Lesson 5 - Guided Project: Retrieval-Augmented Atlas

Welcome to the Guided Project

Across this module you took retrieval apart piece by piece: a model’s knowledge is frozen and private-blind, so you built a KnowledgeBase that chunks and embeds your documents (Lesson 2), gave the agent a search_knowledge tool to look facts up mid-loop (Lesson 3), and added the discipline that turns “the model read some text” into “the agent gave a grounded answer” — answer only from what was retrieved, cite the source, refuse when there’s nothing (Lesson 4). Now you’ll put it all back together on one agent. Atlas, the trip-planning assistant you’ve been building all course, is going to plan from your travel guides: it searches a destination knowledge base, answers from the passages it retrieves, cites where each fact came from, and says “I don’t have that” instead of inventing — all while still recalling what it remembers about the traveler from Module 4.
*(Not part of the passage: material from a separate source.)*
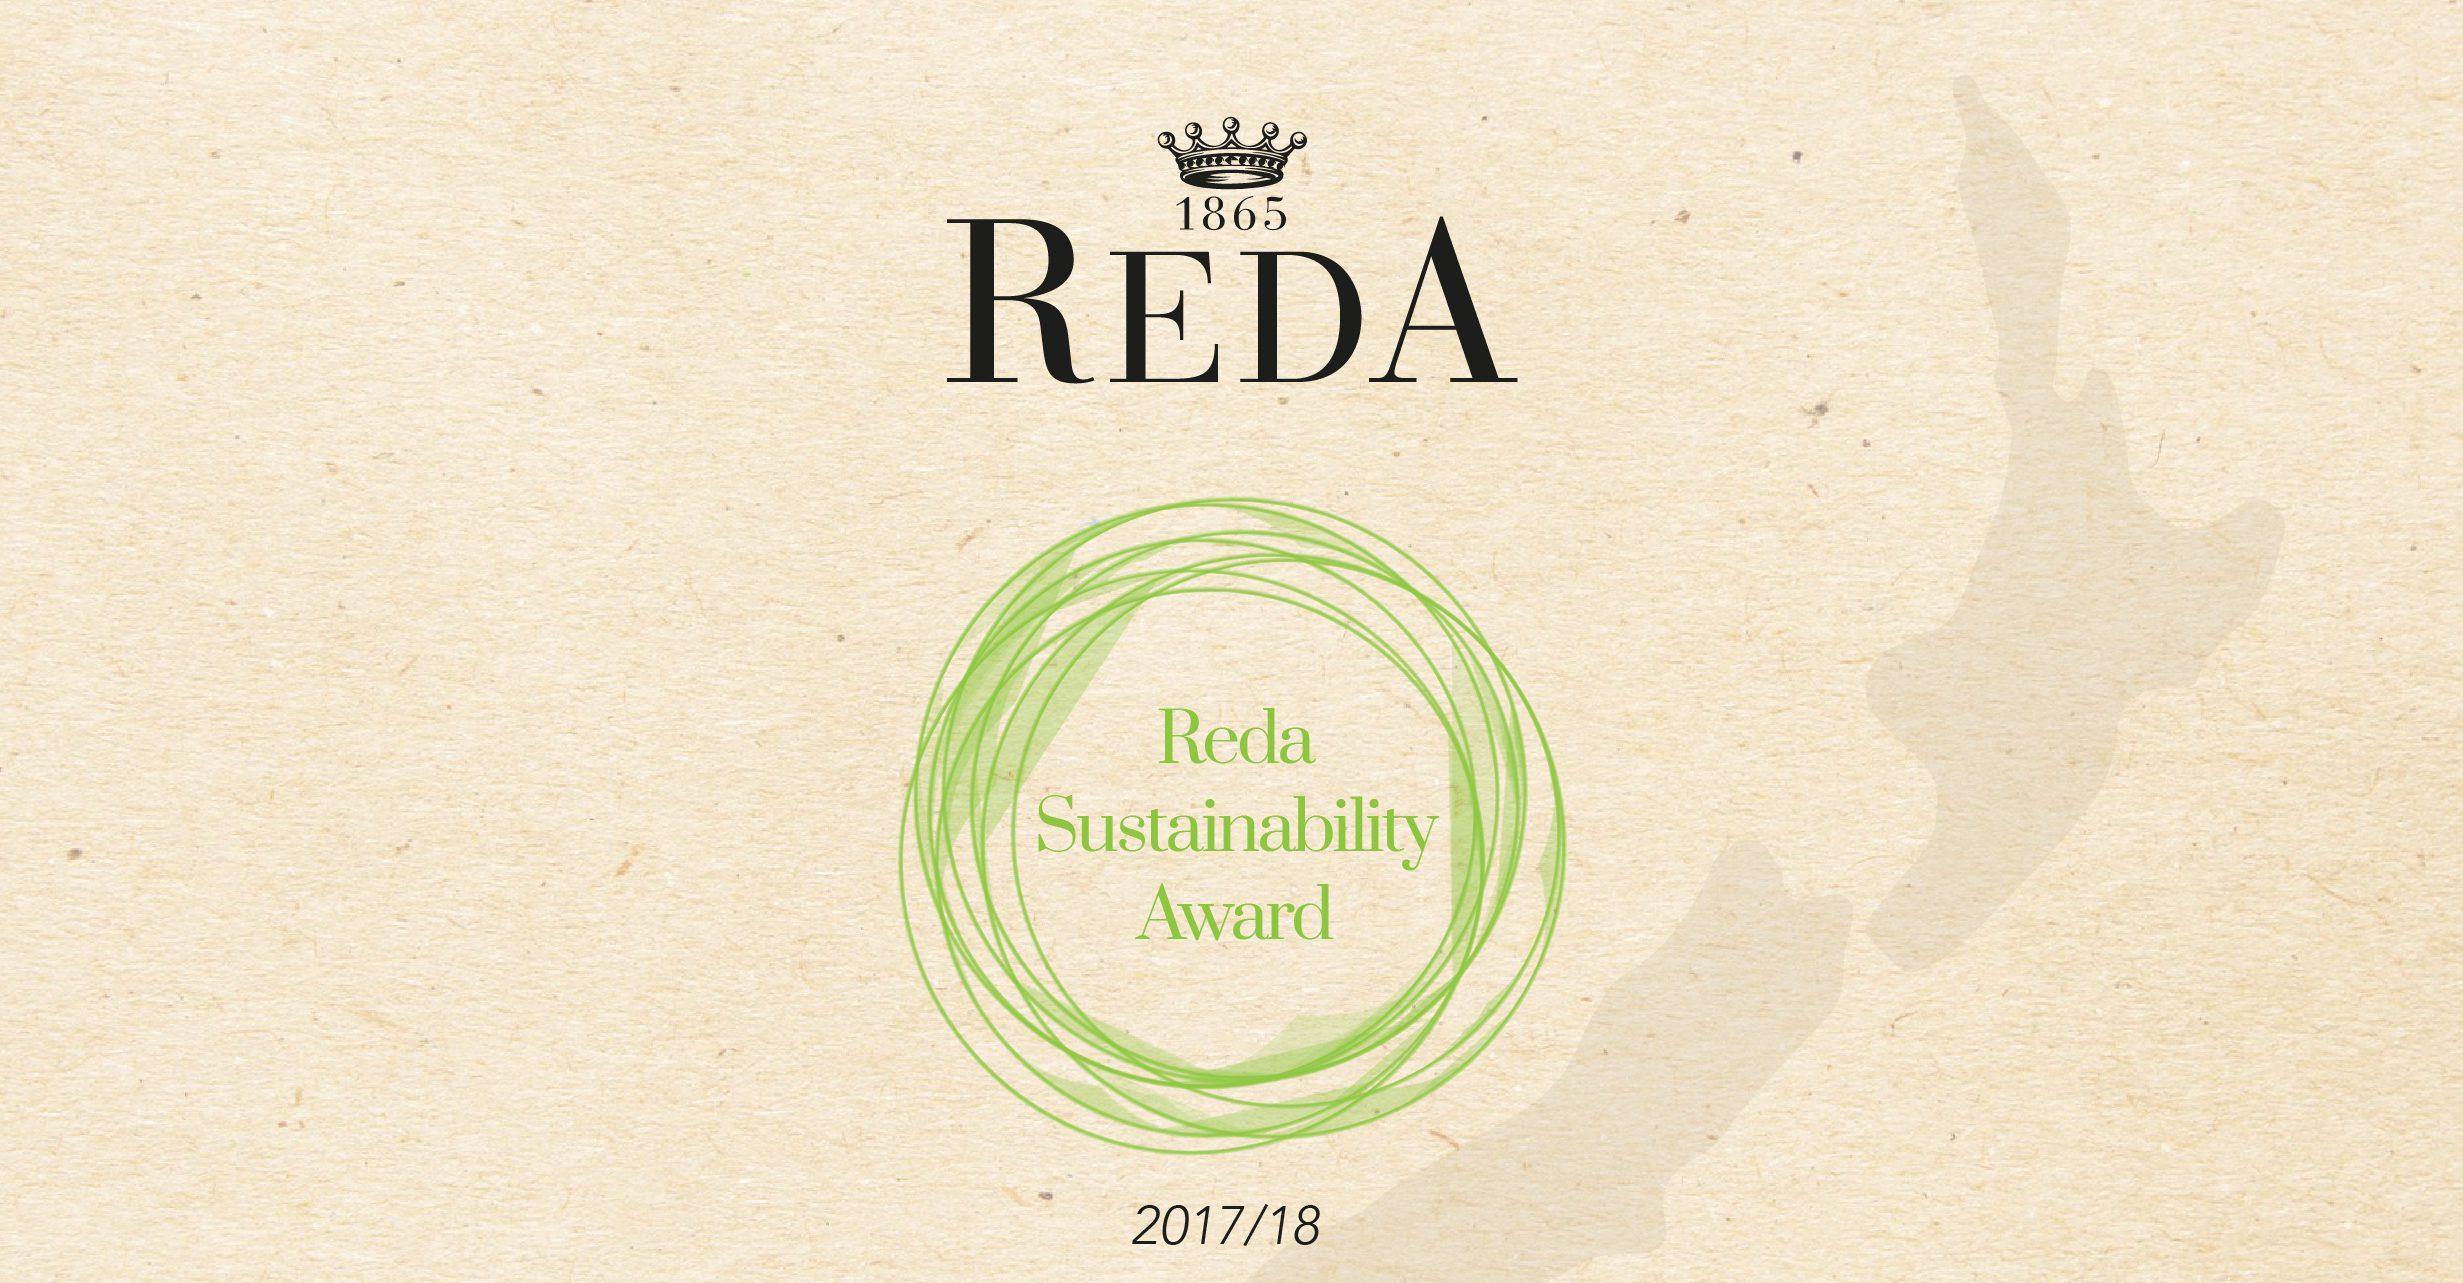 Reda Award

By the end of this project, you will be able to:

  • Build Atlas a destination knowledge base from travel guides and confirm what it indexed
  • Give Atlas a search_knowledge retrieval tool it calls mid-plan to look up destinations
  • Ground Atlas’s answers in retrieved passages with inline citations, and gate out questions the knowledge base can’t cover
  • Combine memory and retrieval so Atlas plans from both what it remembers about the traveler and the facts in the knowledge base

We’ll build it in stages, reusing the exact pieces you wrote earlier in the module. Let’s give Atlas a grounded brain.


Stage 1: Build Atlas’s Destination Knowledge Base

Start with the KnowledgeBase you built in Lesson 2. It does three things: chunk splits a document into passages (one per paragraph, further split if long), embed turns each passage into a vector with the dependency-free keyword embedding carried over from Module 4, and search ranks passages against a query by cosine similarity. This is the store Atlas retrieves from.

import hashlib, re
import numpy as np

STOP = {"the","a","an","and","or","is","are","to","of","in","on","for","with",
        "you","your","it","its","as","at","by","be","this","that","from","has",
        "have","best","good","great"}

def embed(text, dim=1024):
    vec = np.zeros(dim)
    for tok in re.findall(r"[a-z]+", text.lower()):
        if tok in STOP:
            continue
        vec[int(hashlib.md5(tok.encode()).hexdigest(), 16) % dim] += 1.0
    norm = np.linalg.norm(vec)
    return vec / norm if norm else vec

def chunk(text, max_words=40):
    chunks = []
    for para in [p.strip() for p in text.split("\n\n") if p.strip()]:
        words = para.split()
        if len(words) <= max_words:
            chunks.append(para)
        else:
            for i in range(0, len(words), max_words):
                chunks.append(" ".join(words[i:i + max_words]))
    return chunks

class KnowledgeBase:
    def __init__(self):
        self.passages = []  # list of (source, text, vec)
    def add_document(self, source, text):
        for c in chunk(text):
            self.passages.append((source, c, embed(c)))
    def search(self, query, k=3):
        q = embed(query)
        scored = [(src, txt, float(q @ v)) for src, txt, v in self.passages]
        scored.sort(key=lambda r: -r[2])
        return [(s, t, round(sc, 3)) for s, t, sc in scored[:k] if sc > 0]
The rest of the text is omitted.